Firm genetic evidence supporting an association or linkage between the various polymorphisms/mutations in the PPARgamma gene and the occurrence of cancer is at present lacking. Three studies tested whether somatic mutations in the PPARgamma gene were more frequent in cancers. In a first study, four somatic mutations in the PPARgamma gene were described in 55 sporadic colon cancers (26). Each of these mutations was reported to reduce PPARgamma function (26). In another study, five of eight follicular thyroid carcinomas showed a fusion of the DNA binding domains of the thyroid transcription factor PAX8 to PPARgamma (15). The PAX8-PPARgamma fusion protein inhibited PPARgamma in a dominant negative manner (15). The relevance of these last two studies is, however, still unclear, because another larger study failed to find any mutations in the PPARgamma gene in 397 clinical cancer specimens of different origin (including colon, prostate, breast, lung cancers, and leukemias) (13).

In vivo evidence to support an antitumorigenic role of PPARgamma is also conflicting. PPARgamma activation inhibited tumor growth and progression in a xenograft model of prostate cancer (16), and attenuated breast cancer induced either by nitrosomethylurea (29) or by 7,12-dimethylbenz[a]anthracene (20). In vivo studies in colon cancer are particularly relevant because prostaglandin products, which are generated by cycloxygenase 2 (COX-2), are implicated in colon tumorigenesis and PPARgamma might simply function as a downstream mediator. Troglitazone inhibited tumor growth in a xenograft model of colon cancer (25) and reduced the formation of aberrant crypt foci secondary to azoxymethane treatment (30). In sharp contrast, two other studies demonstrated that activation of PPARgamma promotes the development of colon tumors in C57BL/6J-APCMin/+ mice (18, 24), a clinically relevant model for both human familial adenomatous polyposis and sporadic colon cancer. A similar increase in the frequency of colon tumors was also reported in mice on a high-fat diet (32), suggesting that PPARgamma could mediate the effects of high-fat diet on colon cancer.
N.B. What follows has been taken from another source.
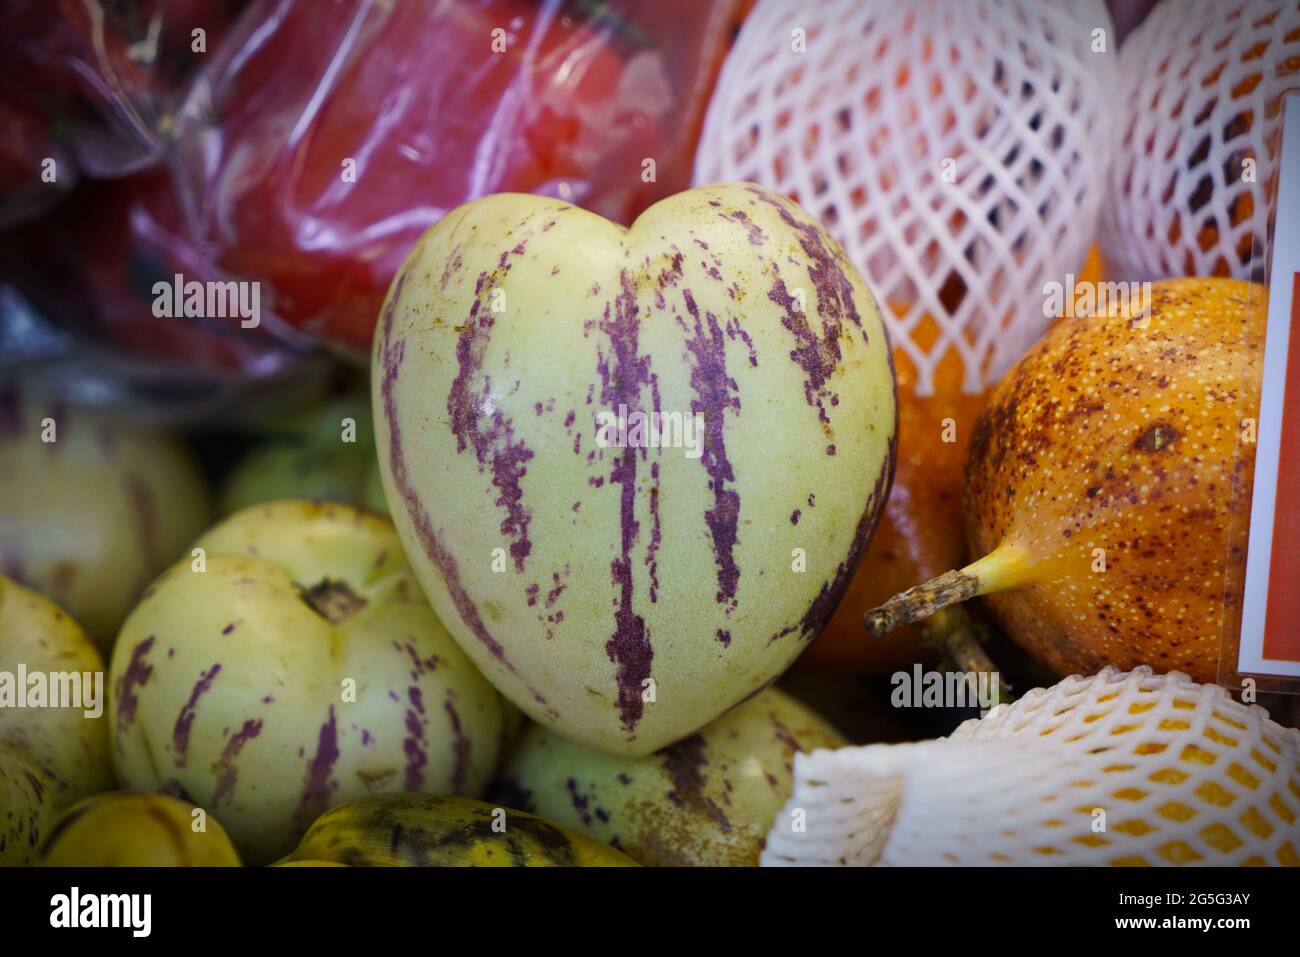 Le fruit en forme de coeur, originaire de l'Amérique du Sud, est appelé dulce de pepino - concombre doux - ou même simplement melon de poire. Banque D'Images

Also, clinical studies have not provided a conclusive answer on the question whether PPARgamma activity is favoring or inhibiting cancer formation and progression, because their outcome was largely deceiving and the clinical benefits were rather limited. The best results were obtained in three patients with liposarcoma, in which lineage-appropriate differentiation was induced (5). Troglitazone also stabilized prostate-specific antigen (PSA) levels in 41 patients with advanced prostate cancer (21). This effect on PSA levels was, in part, mediated by the inhibition of the androgen receptor (12), hence the question of whether such beneficial effects can be translated to other cancers that are independent of androgen receptor activity.

Interestingly, a recent study also showed the involvement of PPARbeta in the development of colorectal cancer (11). PPARbeta , like PPARgamma , is expressed in the colon and can be activated by fatty acids. PPARbeta was shown to be a target gene for the beta -catenin/Tcf-4 transcription complex, which is formed when the adenomatous polyposis coli (APC) tumor suppressor protein is mutated. In view of the coexpression of PPARbeta and COX-2 (10), it was proposed that PPARbeta can mediate the protumorigenic effects of prostaglandins in the colon, whereas nonsteroidal anti-inflammatory drugs were suggested to inhibit tumorigenesis because they inhibit PPARbeta activity (11). The lack of tumorigenicity of PPARbeta -/- human colorectal cells in nude mice supported a protumorigenic role of PPARbeta (23). At present, it is unclear how these observations on PPARbeta articulate with the involvement of PPARgamma in cell proliferation and colon cancer. Finally, it will be of interest to evaluate whether mutations or modulation in expression of cofactors for PPAR could influence PPAR-dependent tumor formation. A precedent for such a role of cofactors was highlighted in estrogen receptor-dependent breast cancers in which the coactivator, amplified in breast cancer-1, a member of the steroid receptor coactivator-1 family, or the nuclear corepressor N-CoR (see Ref. 17) were mutated or downregulated (1, 17).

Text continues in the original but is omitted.